Отказываясь от идеализации зарубежной действительности, Вен. Ерофеев тем не менее стремится создать образ свободного мира, открытого общества. Силой своей фантазии он устраняет границы между европейскими странами, кое в чем предугадав то, что произойдет через четверть века*. Хотя бы в своем воображении Веничка проходит по священным камням Европы, которые, как писал Достоевский, русскому не менее дороги, чем европейцу. Но писатель не смешивает желаемое и реальное. Оттого рассказ парящего на крыльях вдохновения и блистающего остроумием Венички оборван появлением контролера — недоумка, осуществляющего проверку на законопослушание. Запад остается такой же недостижимой мечтой, как и благословенные Петушки (какое детское, светлое слово!). Реальность же — идущий по замкнутому кругу поезд, действительность, неотличимая от кошмара, "самоизвольное мученичество" прозревшего.

Естественно, можно предложить и V, XX, СХХ версии интерпретируемых эпизодов (как и самой поэмы) — постмодернистский текст принципиально незамкнут (открыт в бесконечность означающего), и его исследование — опять-таки принципиально — нельзя завершить точкой: только многоточием...

Вен. Ерофеев отразил новые настроения, пробивавшиеся из-под толщи нагроможденных за десятилетия в умах людей догматов: разочарование в коммунистическом проекте преображения жизни, вообще в "мировых идеях", навязывающих себя силой; сомнение в существовании железных исторических законов, скепсис в отношении непреложных истин, неприятие наступательной социальной активности, идеологического дурмана. Стремлению командовать историей и жизнью, обернувшемуся бесчисленными трагедиями, писатель противопоставляет философию, недеяния, предполагающую непричинение

* Введение единой визы рядом стран ЕЭС.

вреда ничему живому, сознательный покой. Он напоминает о хрупкости человека, нуждающегося в защите от современной цивилизации, сеет в души читателей семена понимания, сострадания, любви.
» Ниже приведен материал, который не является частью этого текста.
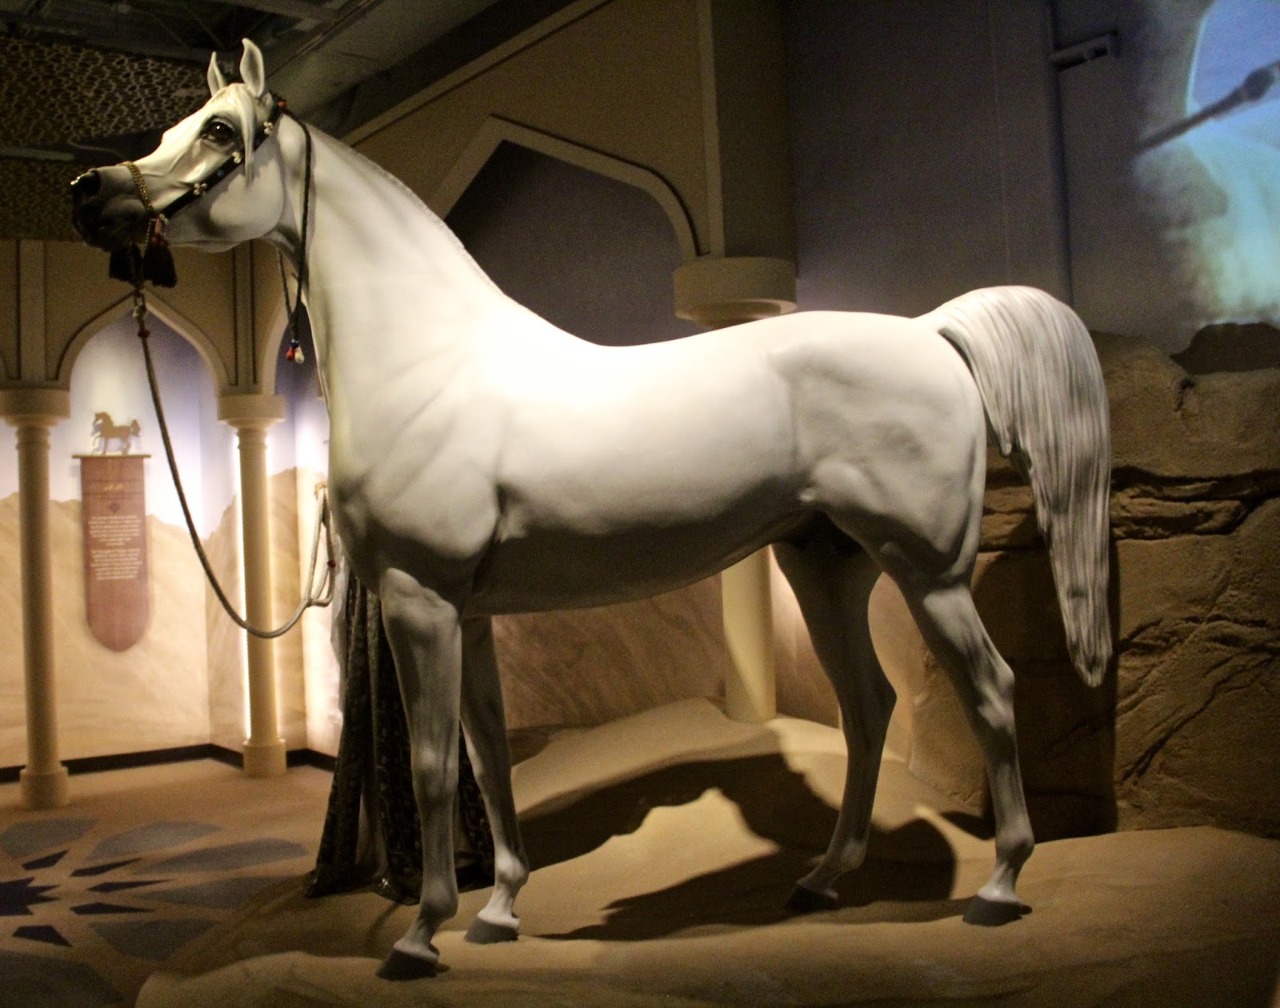 100 صورة تروي تاريخ العلاقة بين الإنسان والحصان في المتحف الدولي للخيول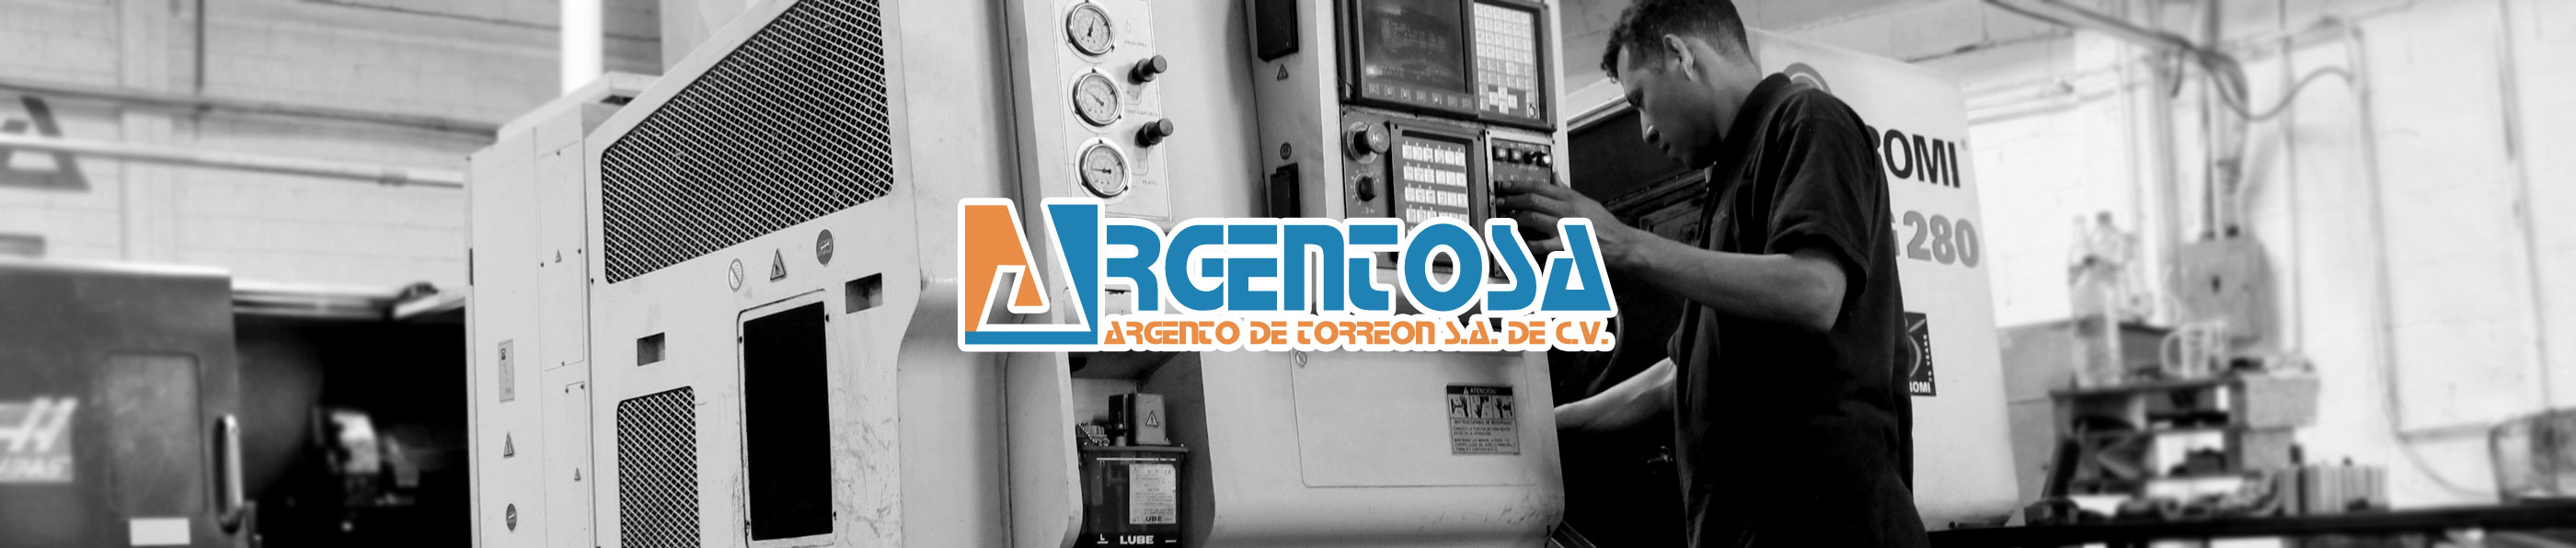 Argentosa - Fabricación y reparación de Bombas tipo turbina para pozo profundo

"Прогулки с Пушкиным" Абрама Терца, "Пушкинский дом" Битова, "Москва — Петушки" Вен. Ерофеева, созданные примерно в одно время и независимо друг от друга, при всей несхожести обнаруживают черты принадлежности к постмодернизму. Их авторы выходят за границы того, что принято считать литературой, движутся окольными, маргинальными путями, создают произведения на грани различных "культурных областей", пользуются новым литературным языком, наделяющим тексты многослойностью, многоуровневостью, смысловой множественностью, текучестью. В нем тонут любые идеологии, тезисы, интерпретации и т. п. Для сознания Абрама Терца, Андрея Битова, Венедикта Ерофеева характерна сплошная текстуализация реальности, отношение к творчеству как к перерабатывающе-деконструирующей игре с миром-текстом. Стремление преодолеть тоталитарность мышления и языка неразрывно связано у них с отвоевыванием свободы — для себя и для других; антишестидесятнические настроения "неборьбы" неотделимы от утверждения "мировой игры и невиновности становления" (Деррида).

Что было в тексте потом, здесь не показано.